I buy a lot of steel.
Last year my importers couldnt get steel for any money.
Billets were on the wharf,sold and along would come chinese buyers and offer 250/Tonne more and away it would gur Steel would be sold to China and there was nothing we could do.We paid $200/tonne more and bought more of it,just to be guarenteed stocks.
Of the 12 Mills offering steel to our importer only 2 made offers the rest was sold---total production---to China.

However today stell is being offered at reasonable discounts actually at around the price we paid pre china.

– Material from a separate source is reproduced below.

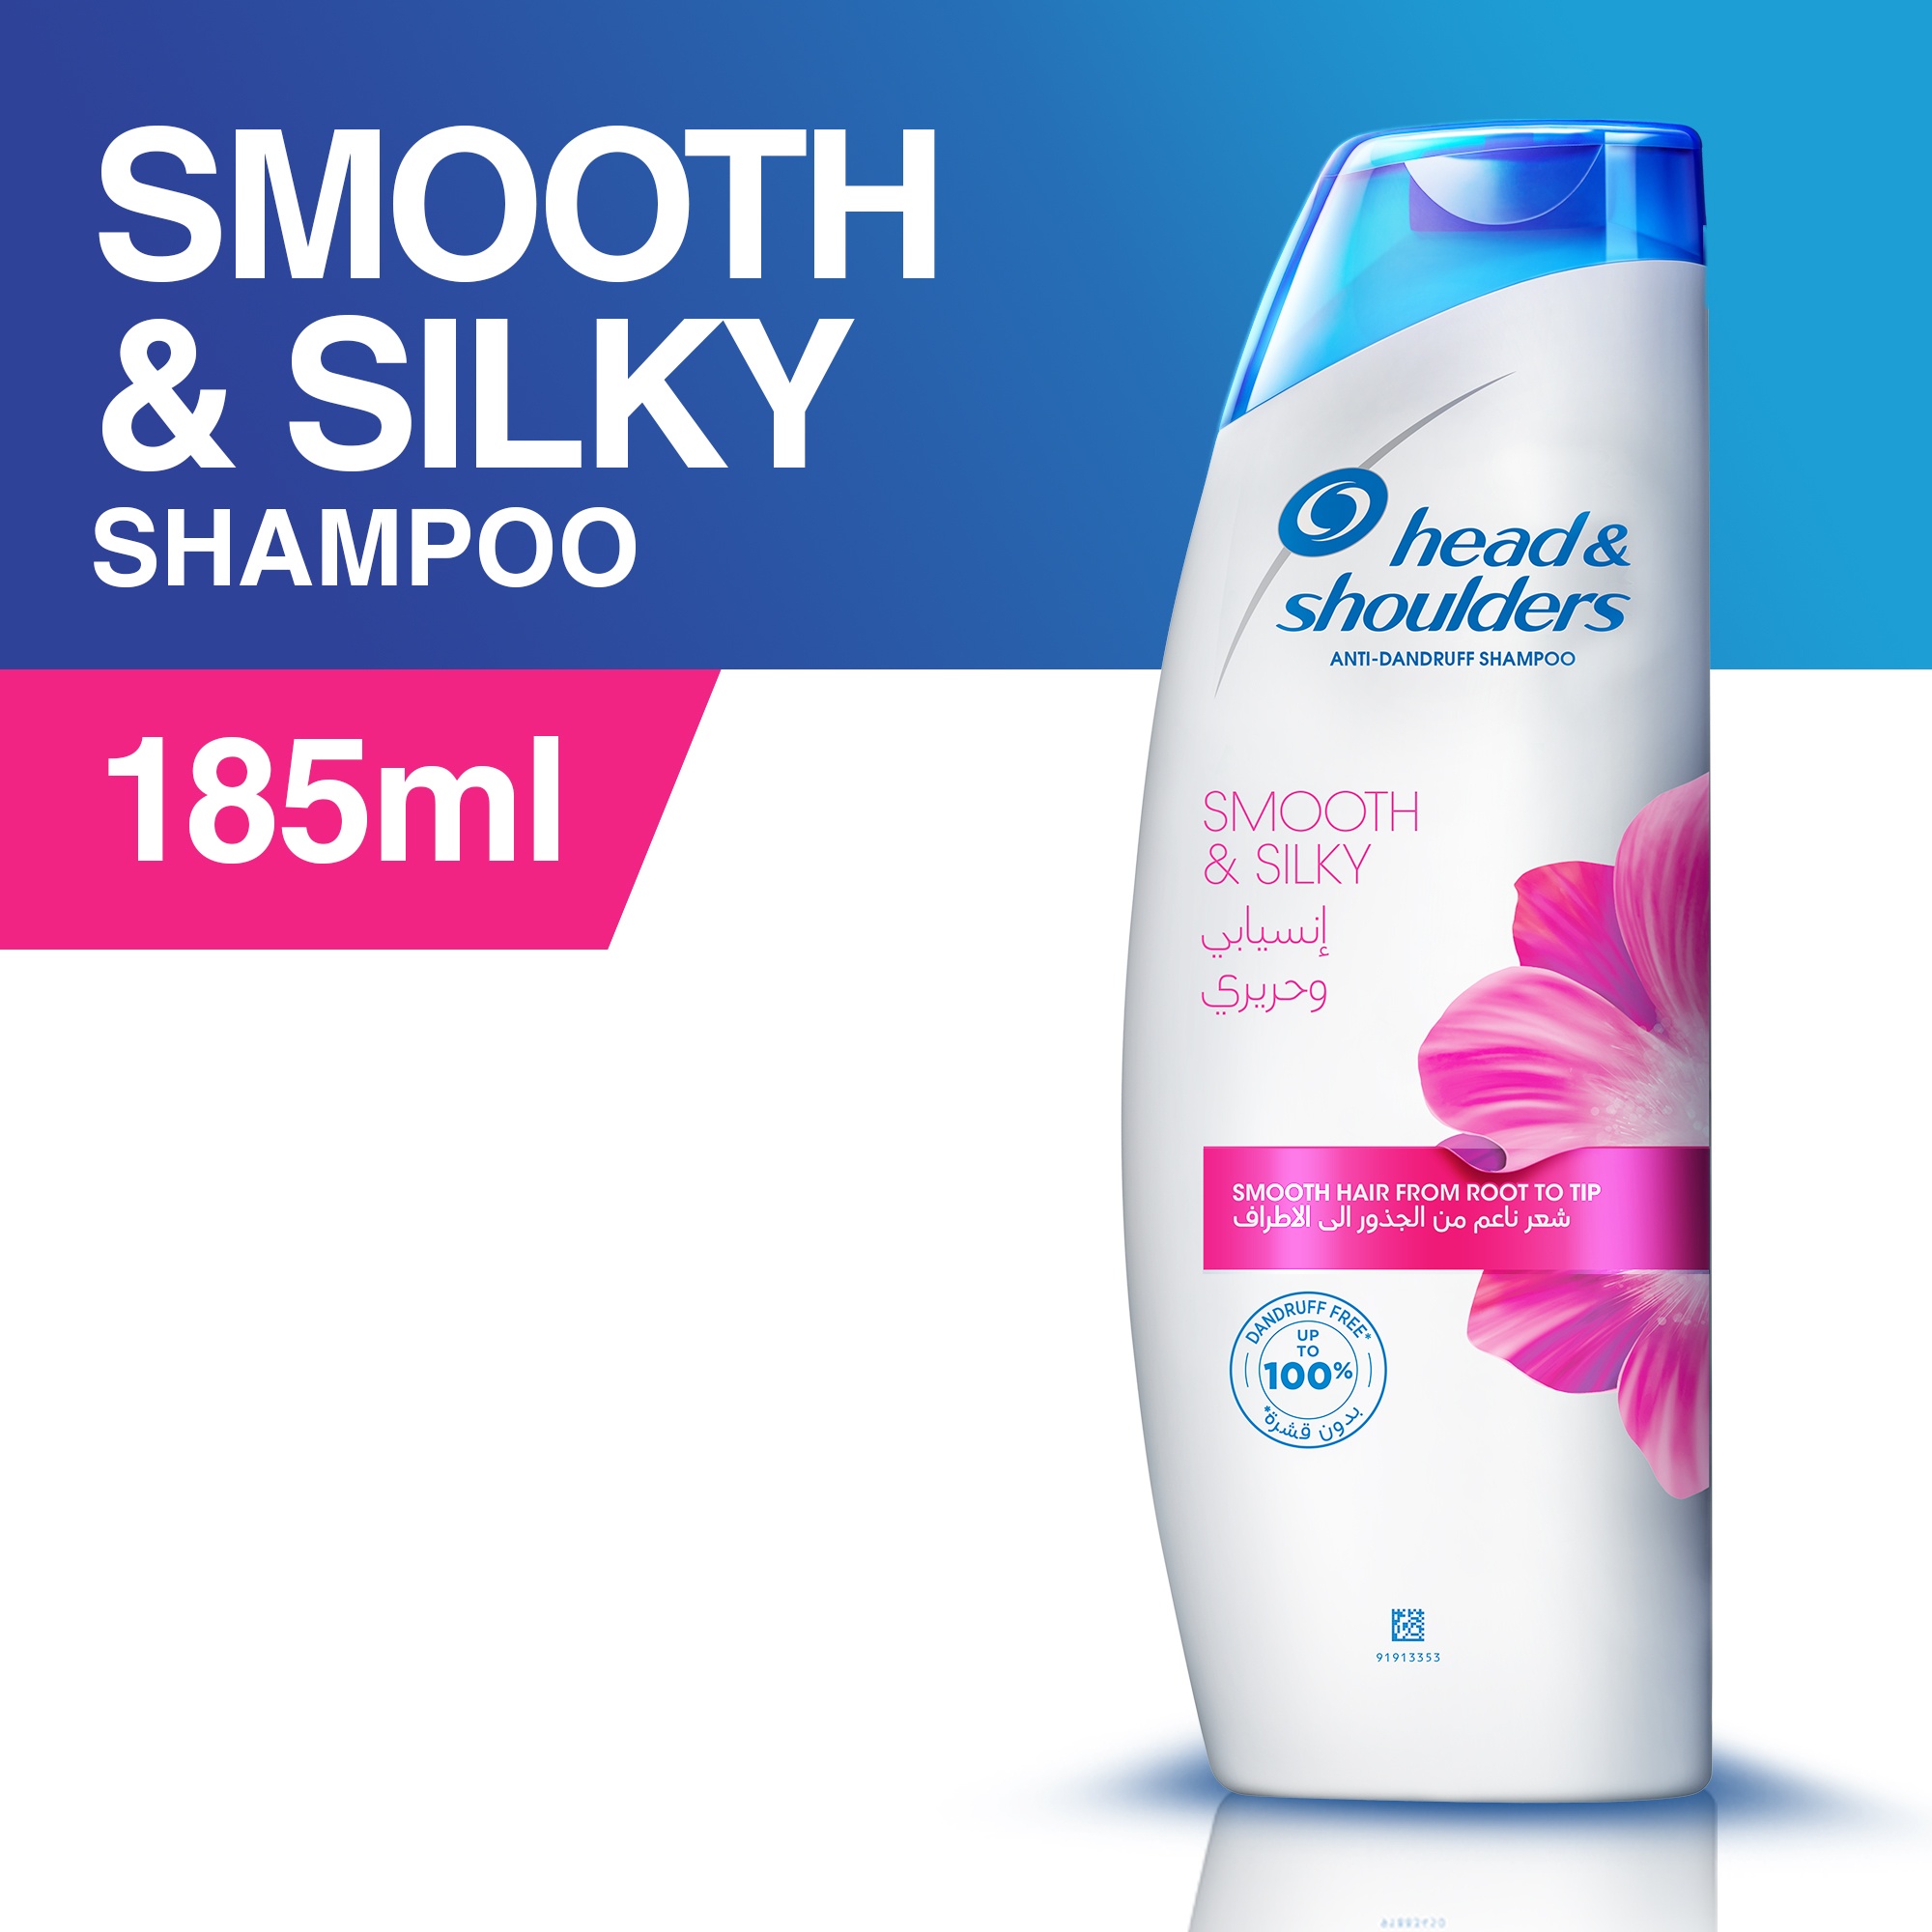 HEAD AND SHOULDERS SHAMPOO SMOOTH AND SILKY 185ml - bhaagLe

What Im seeing in the market is a definate slowdown even a glut.


----------



## still_in_school (13 February 2005)

*Re: CHINA*

Hi Barbarian Investor,

BHP, RIO and BSL, are all stocks i like, not only because there blue chips, but BHP and RIO offer quite good, option interest and liquidity..

BHP is one of the bluechip stocks that i trade alot of options on (but its one stock that i monitor daily, but also the technical analysis, in predicting future price movements, are much clearer in reading/understanding than most other bluechip companies)

RIO - is another great stock for technical analysis, though i dont trade it as much as BHP (though technically and fundamentally, brokers have upgraded its share price projection to $50.00) fundamentally and technically i do believe we will see $50.00 maybe very soon or before July at least...

BSL - Was technically very bullish when it was back at $6.00, still i hold BSL stock, though, as for shares, if you have a very bullish view about BSL (IMHO, i would suggest buying warrants at 50% or less of the share value, if you have a medium to long term view)

The other 2 stocks, have monitored them, but not fundamentally, how i look at it is.. stocks that appear to move on technical analysis, and have an excellent depth for option trading and margin lending... or are the strongest stocks of the sector, (where the money is flowing into)  is where IMHO, is where you will find the most growth and appreciation, for a solid blue chip stock... and solid dividends that will come in, to help both pay off interest, but also allow many share holders to also re-invest there dividends to purchase more share holdings..

Cheers,
sis


----------



## The Barbarian Investor (13 February 2005)

*Re: CHINA*

thanks Techa and Still in School for the post, i agree BSL may have hit  a peak..however...

I do like Rio though and BHP is still showing strength.

JBM and ZFX area bit more speculative, however i think China will still show great growth in 2005, i believe Vietnam is also becoming very competetive..

Australia has some great resource stocks, but who do youthink gives bestvalue at the moment?


----------



## RichKid (13 February 2005)

*Re: CHINA*



			
				The Barbarian Investor said:
			
		

> thanks Techa and Still in School for the post, i agree BSL may have hit  a peak..however...
> 
> JBM and ZFX area bit more speculative, however i think China will still show great growth in 2005, i believe Vietnam is also becoming very competetive..
> 
> Australia has some great resource stocks, but who do youthink gives bestvalue at the moment?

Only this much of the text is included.